Over the weekend someone I’ve never met took this photo of me during my train ride and posted it on Twitter. Duncan Jones, a filmmaker whose work I admire, shared it. It got retweeted 3,400 times.
It takes a lot to be called out for weirdness in New York – and then have it reaffirmed by David Bowie’s son. I can only assume his retweet is what made dozens of people weigh in with comments like “Maybe he comes from the future” and “he’s hacking you right now.” (Well, his retweet and the pained expression on my face.)
To the woman who tweeted, “I’ve seen that exact same guy. Wtf is he doing… extreme creep,” allow me to explain. No, I am not an “air novelist,” as someone else suggested. The truth is, my time felt precious because I had a music video shoot that night – and so, on the very long train ride between Harlem and Chinatown, I decided to type some notes for a screenplay, using a Bluetooth keyboard and THE PHONE IN MY POCKET.
I’m pretty sure the tweeting began while I was still on the 2 train. Before even reaching my stop, Ben Lerman, a self-described “tailgate connoisseur, whiskey sommelier, and lover of sandwiches,” posted the above photo and followed up with this video.
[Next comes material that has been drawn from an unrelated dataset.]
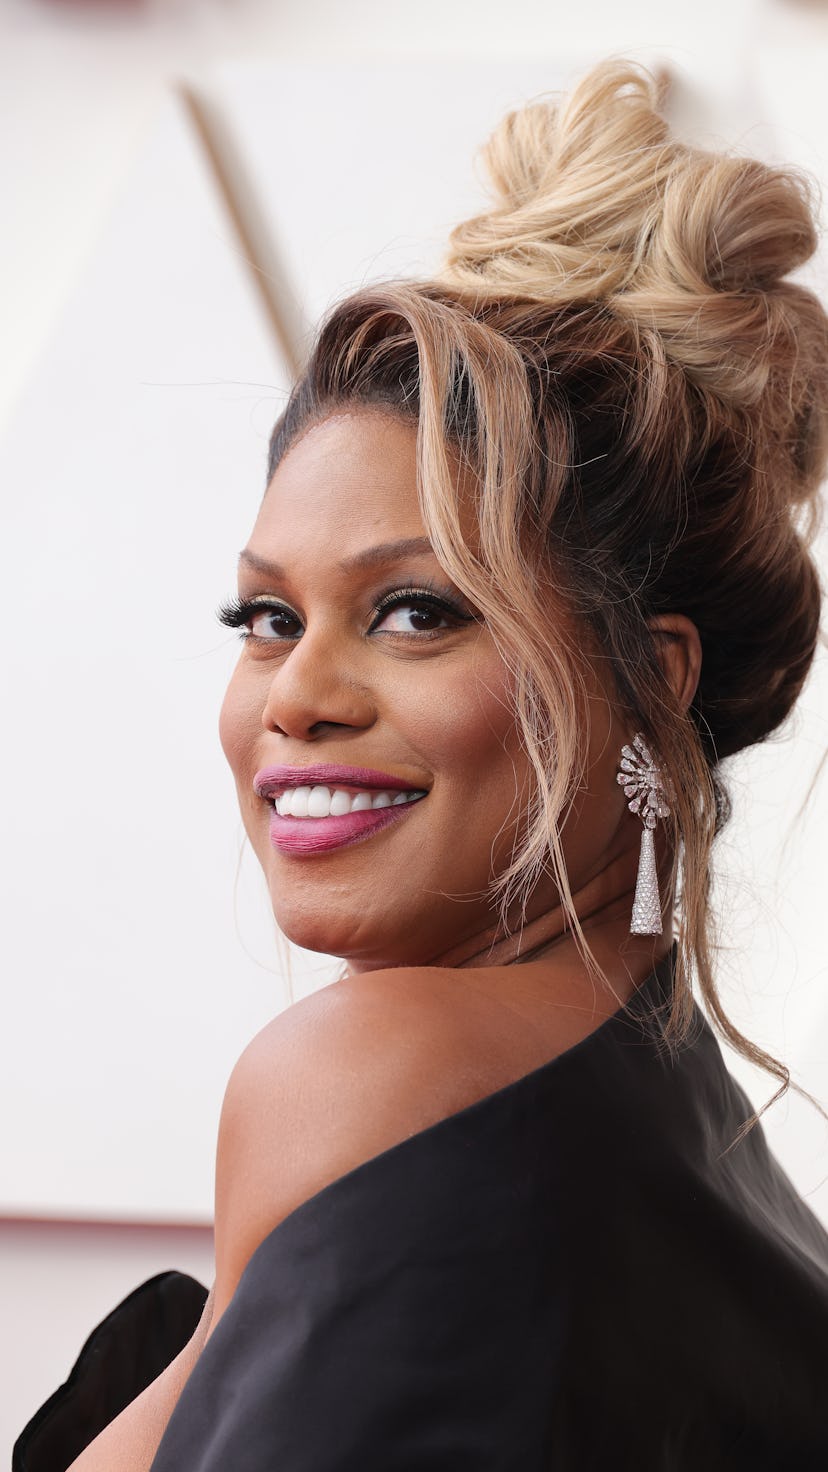 Twitter reacted to Laverne Cox as E!'s correspondent for the 2022 Oscars red carpet.

@blerms he's not aimlessly pounding on keys either. He's seemingly typing with purpose. It was this, but for 15 mins pic.twitter.com/vqs5bmpwuY
— Ben Lerman (@blerms) April 2, 2016
Immediate follow-up questions were inevitable: “What’s his WPM? Accuracy? Ulterior motive?”
Then the tweets started trending, and, by the end of the weekend, a couple friends brought them to my attention upon recognizing me. (The same thing used to happen to a lesser degree when I modeled for stock photography to pay my rent.)
If I knew I was being photographed I would have sat with better posture.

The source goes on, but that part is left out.